--- RECORD SET ---

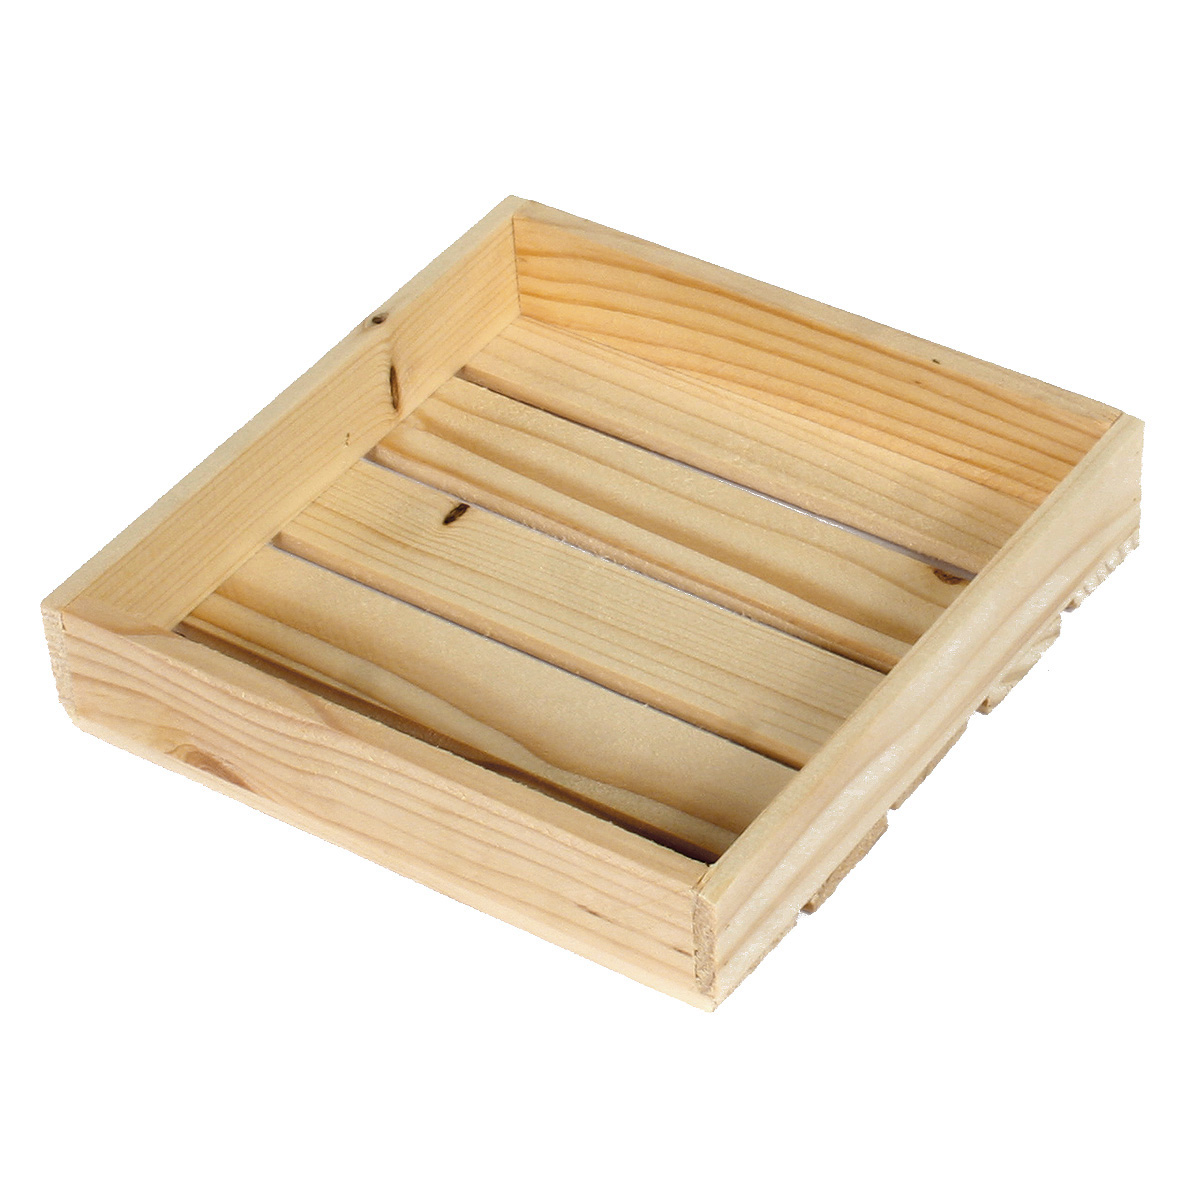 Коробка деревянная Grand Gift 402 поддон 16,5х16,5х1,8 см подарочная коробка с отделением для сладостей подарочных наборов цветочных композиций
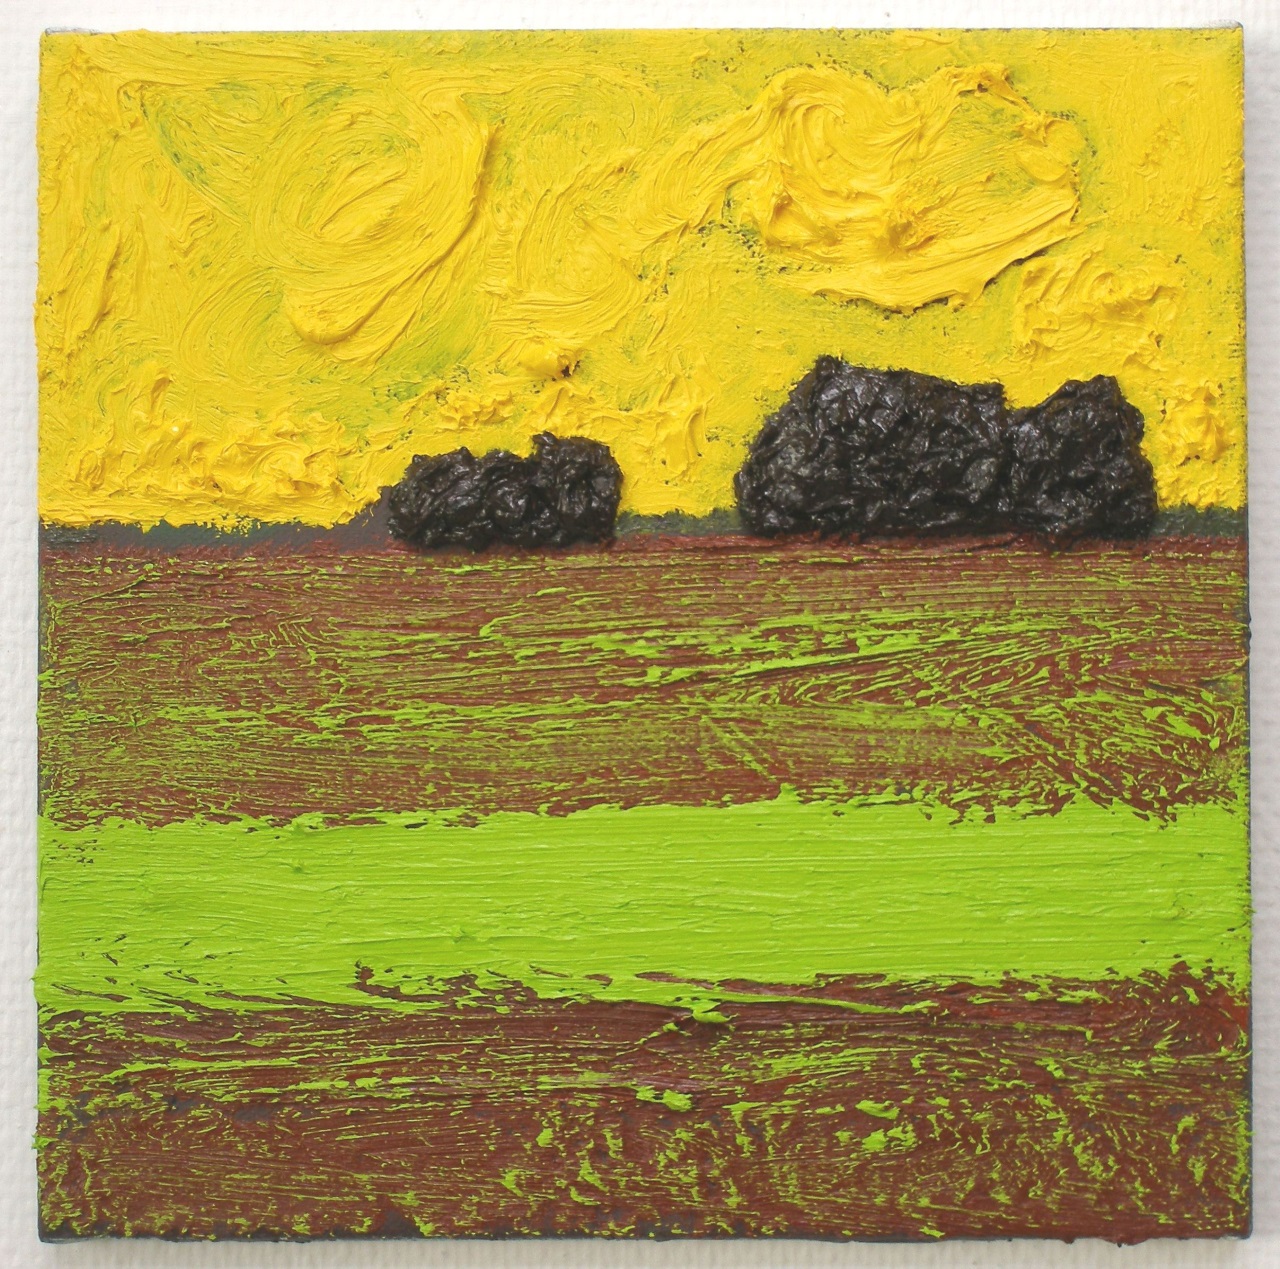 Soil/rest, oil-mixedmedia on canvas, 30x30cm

---
--- RECORD SET ---

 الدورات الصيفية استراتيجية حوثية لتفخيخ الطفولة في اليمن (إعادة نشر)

---

Within these entries, output exactly the lines starting at the one with "Коробка деревянная Grand" and finishing at the one with "Soil/rest, oil-mixedmedia on canvas, 30x30cm". Leave pictures out of the output.

 Коробка деревянная Grand Gift 402 поддон 16,5х16,5х1,8 см подарочная коробка с отделением для сладостей подарочных наборов цветочных композиций
 Soil/rest, oil-mixedmedia on canvas, 30x30cm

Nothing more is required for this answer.